→ Excerpted data

━━━━━━━━━━━━━━━━

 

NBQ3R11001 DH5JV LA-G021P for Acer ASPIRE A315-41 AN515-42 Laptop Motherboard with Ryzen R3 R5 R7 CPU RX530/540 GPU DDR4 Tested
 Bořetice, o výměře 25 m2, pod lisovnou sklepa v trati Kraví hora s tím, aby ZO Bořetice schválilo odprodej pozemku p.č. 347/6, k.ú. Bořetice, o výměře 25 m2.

━━━━━━━━━━━━━━━━

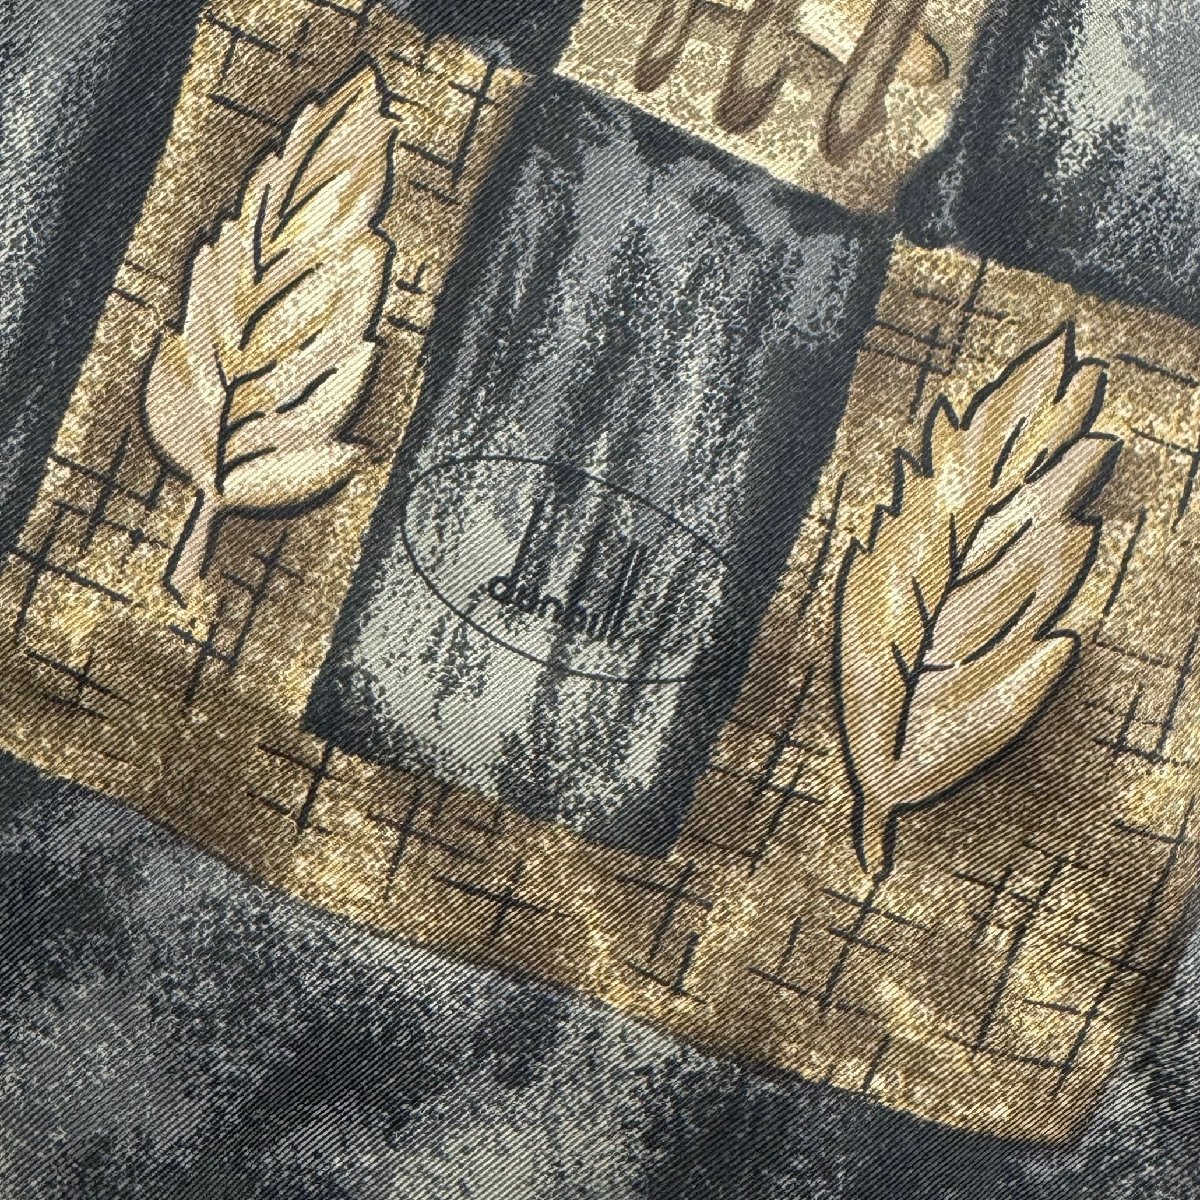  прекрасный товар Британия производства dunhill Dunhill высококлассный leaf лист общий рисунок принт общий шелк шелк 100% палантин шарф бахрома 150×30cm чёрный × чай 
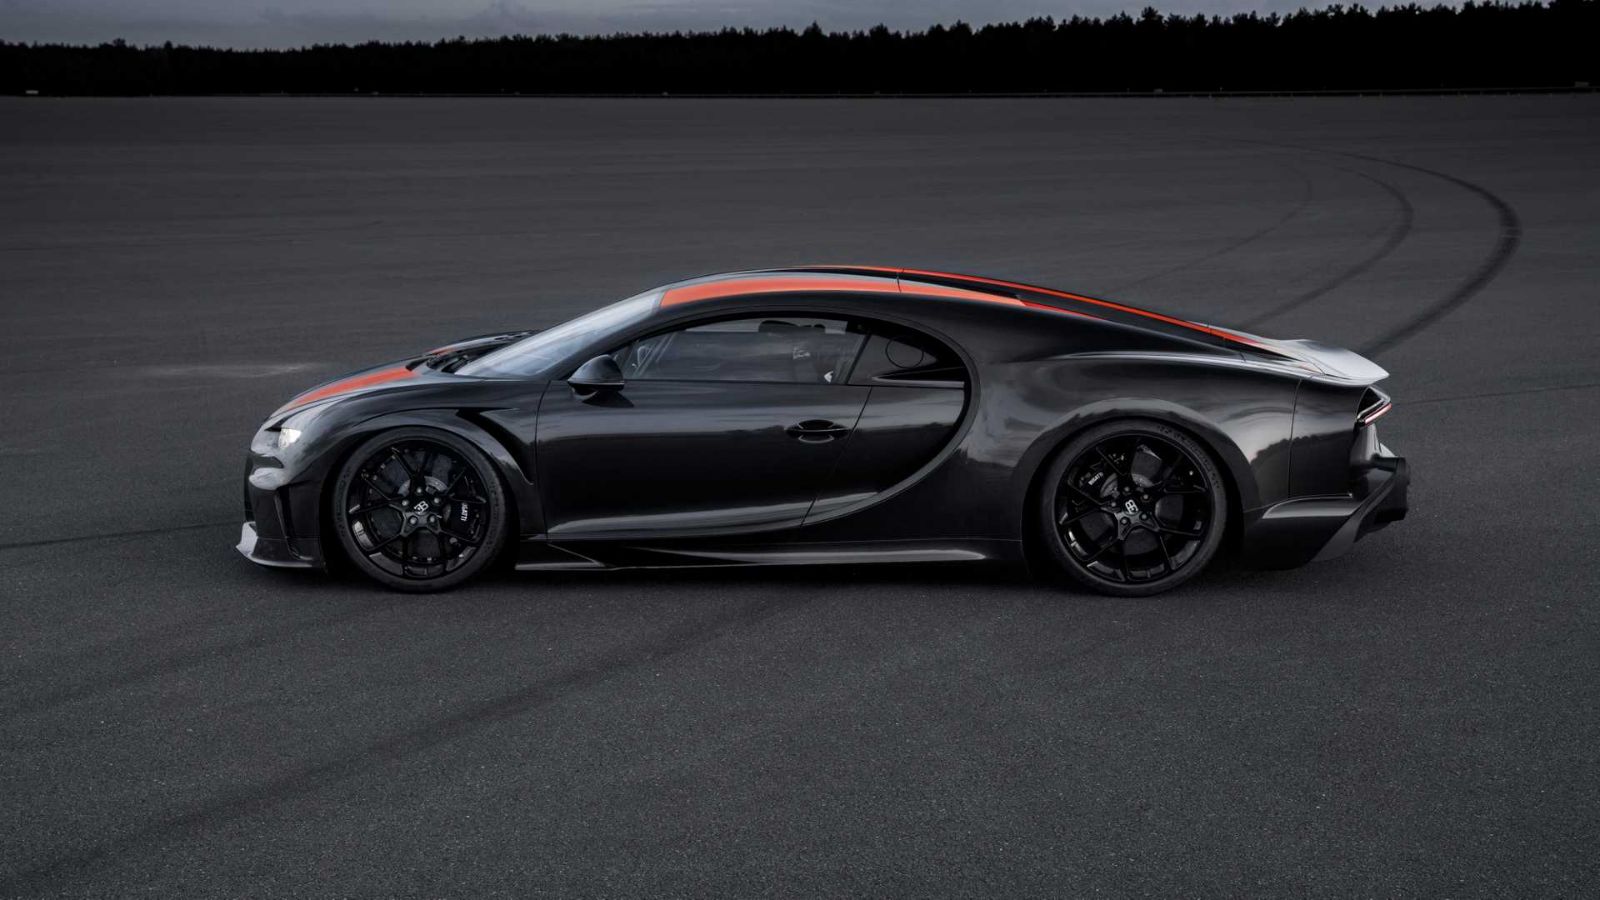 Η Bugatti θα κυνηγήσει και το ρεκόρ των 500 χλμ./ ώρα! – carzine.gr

━━━━━━━━━━━━━━━━

→ What to produce
Output exactly the lines above, from the line with "прекрасный товар Британия" to the line with "Η Bugatti θα", both included; skip the pictures.

→ Result
  прекрасный товар Британия производства dunhill Dunhill высококлассный leaf лист общий рисунок принт общий шелк шелк 100% палантин шарф бахрома 150×30cm чёрный × чай 
 Η Bugatti θα κυνηγήσει και το ρεκόρ των 500 χλμ./ ώρα! – carzine.gr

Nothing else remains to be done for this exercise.